Gibt es genderspezifische Unterschiede im Führungsstil?

Online-Business-Mentorin Sigrun beschreibt in ihrem Podcast «6 reasons why women don’t make more money” Unterschiede im Führungscharakter zwischen Männern und Frauen. Wir haben weibliche Führungskräfte im Netzwerk gefragt, wie sie ihr Business führen und ob sie geschlechtsspezifische Unterschiede in Führungsstilen sehen.

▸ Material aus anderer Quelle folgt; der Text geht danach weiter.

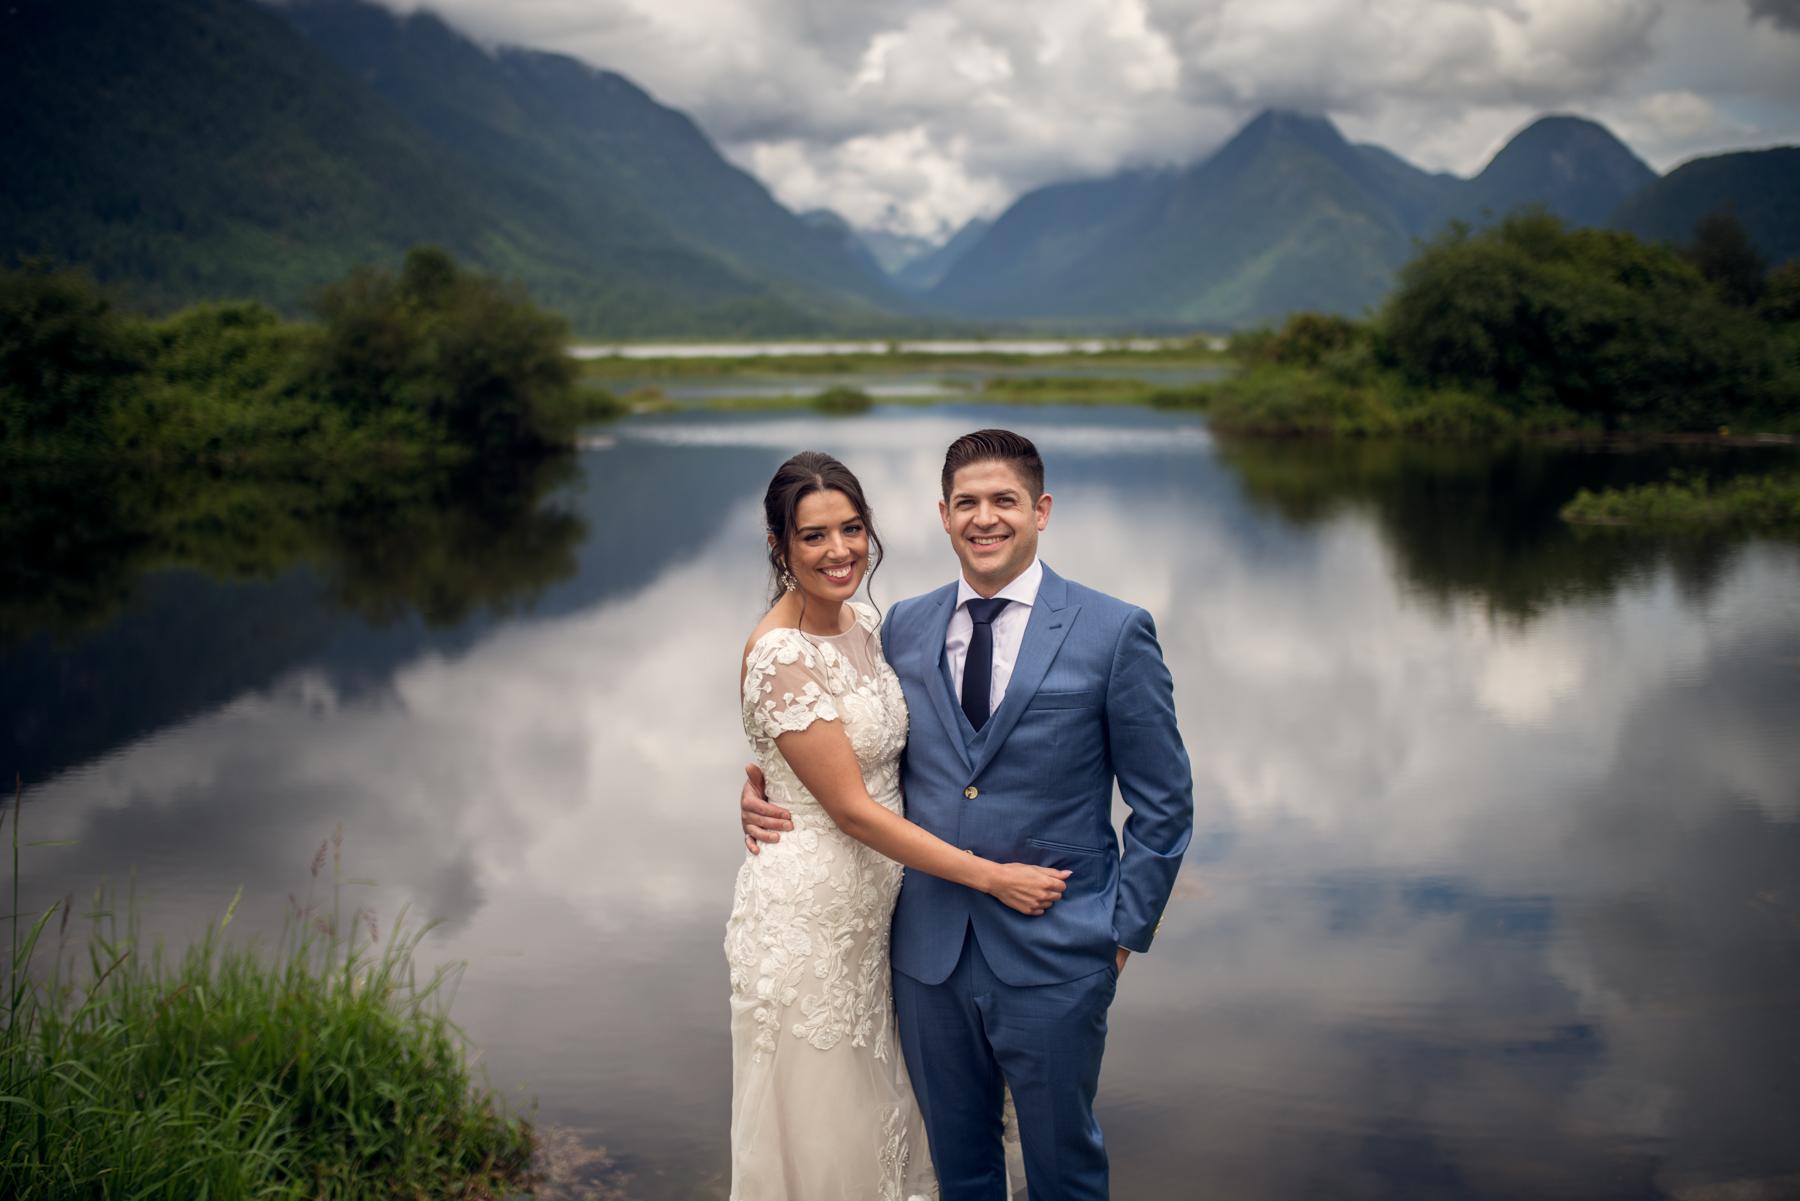 dp-wedding-web-018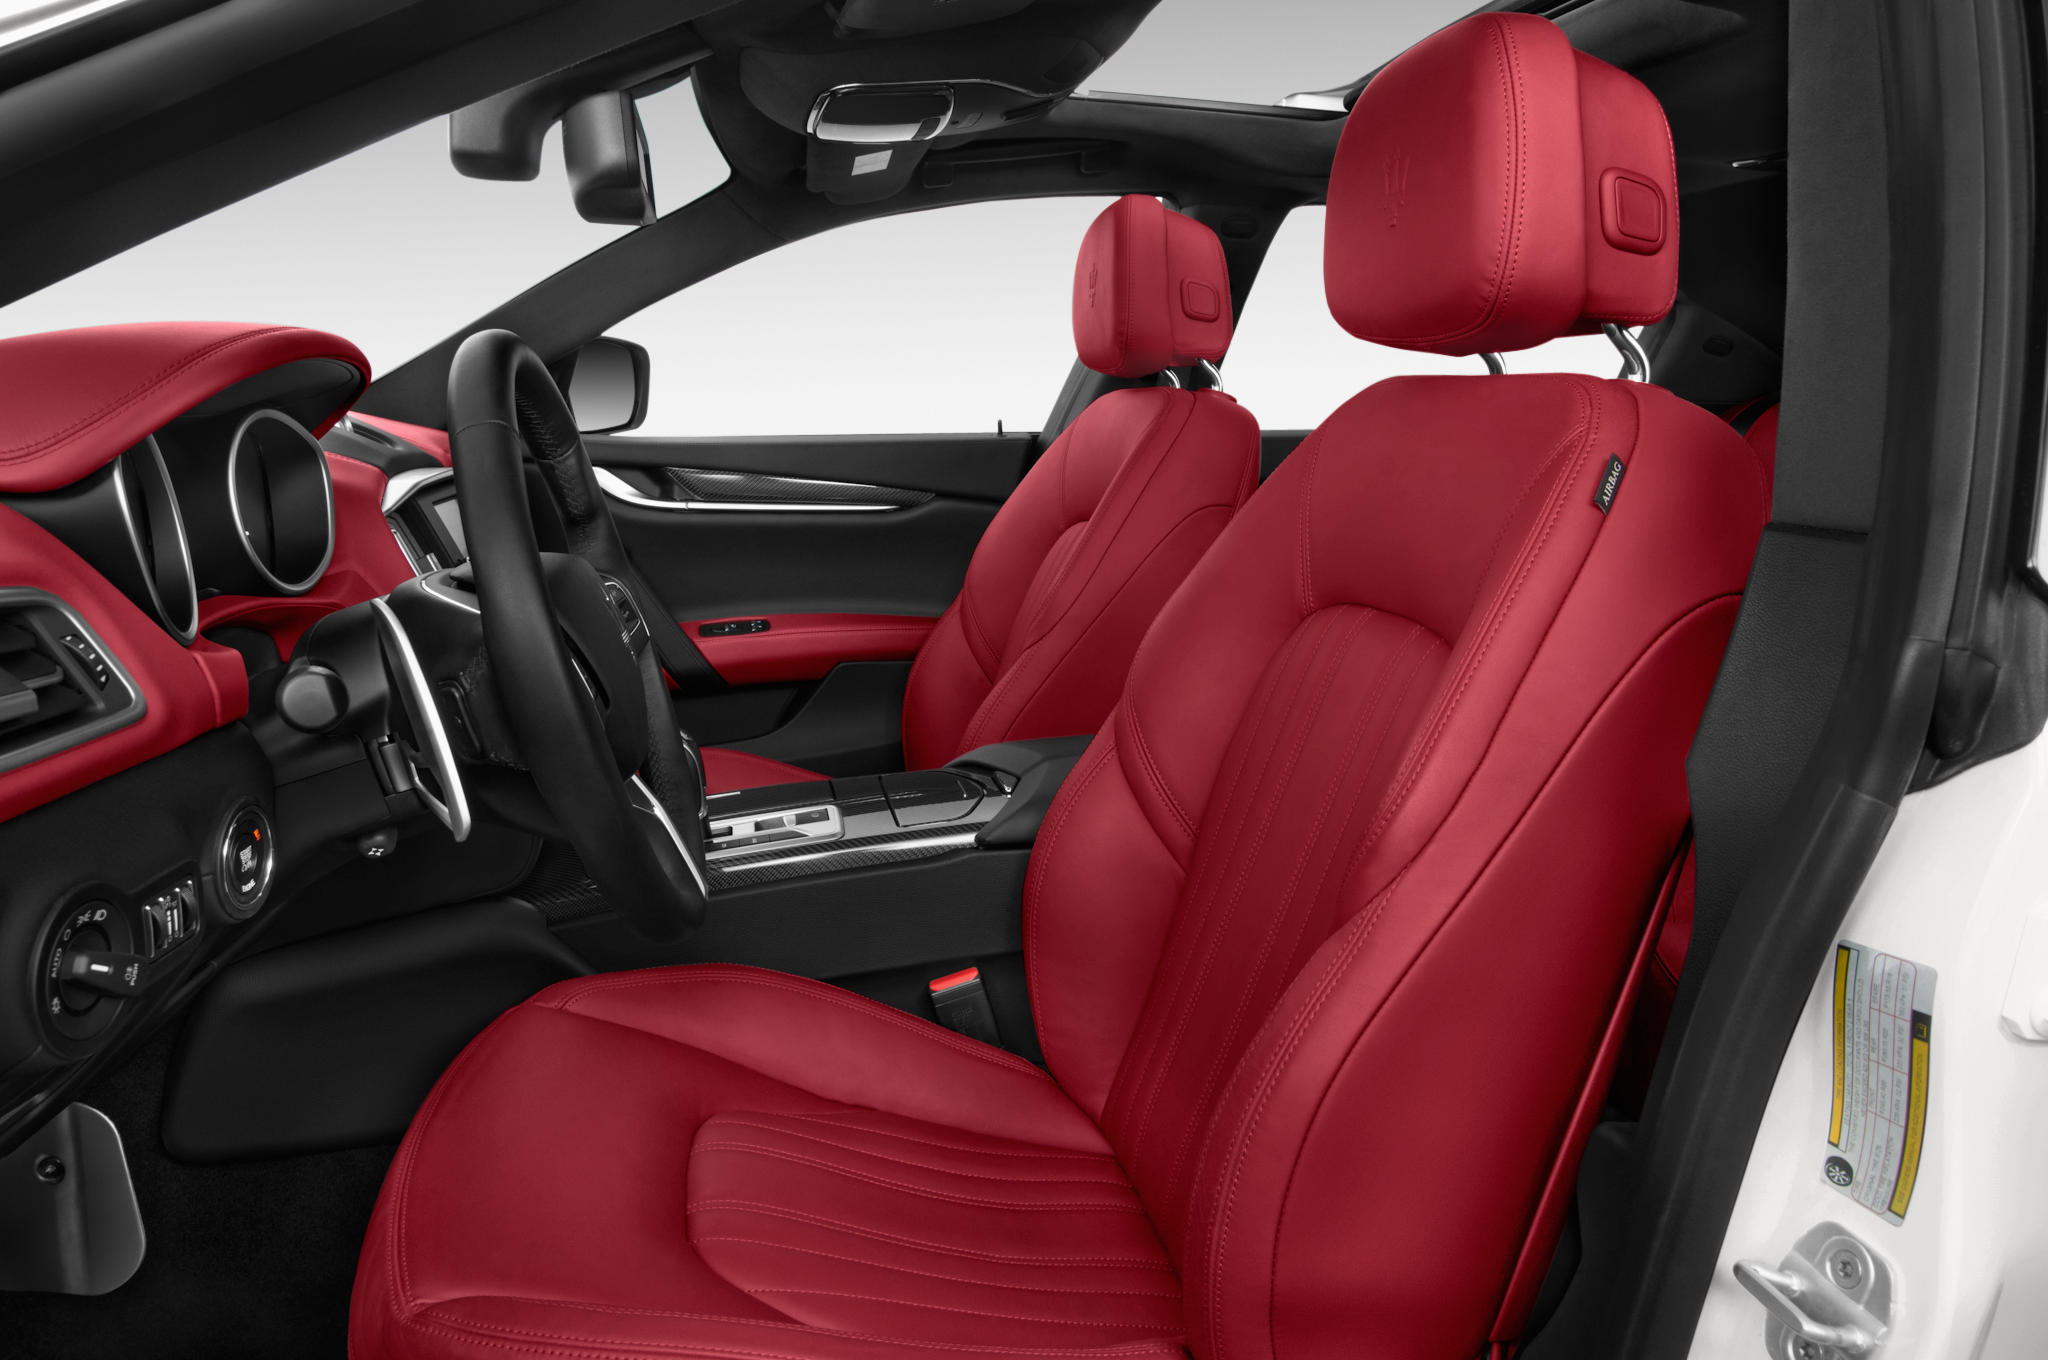 2016 Maserati Ghibli S Q4 One Week Review | Automobile ...

THE SEARCH Sportmanagement GmbH

Christina Michels, Geschäftsführerin:

"Führung ist abhängig von Persönlichkeit, nicht vom Geschlecht. In meinem Arbeitsleben habe ich dennoch ein Muster bei weiblichen und männlichen Führungskräften festgestellt, dass Unterschiede im Führungsstil verdeutlicht:

Beide treffen geschäftliche Entscheidungen auf Basis rationaler Fakten, setzen sie aber unterschiedlich um: Frauen kommunizieren eher konsensgetrieben, möchten Entscheidungen von allen Mitarbeitern getragen wissen. Männer entscheiden, teilen mit und akzeptieren kontroverse Meinungen, wenn sie von der Richtigkeit ihrer Entscheidung überzeugt sind. Weiblicher Führungsstil wird daher eher als emotional und empathisch wahrgenommen, der männliche als rational und ergebnisbezogen. Im Kern verfolgen beide dasselbe Ziel, der Weg dahin, die Kommunikation und Umsetzung, sind aber unterschiedlich."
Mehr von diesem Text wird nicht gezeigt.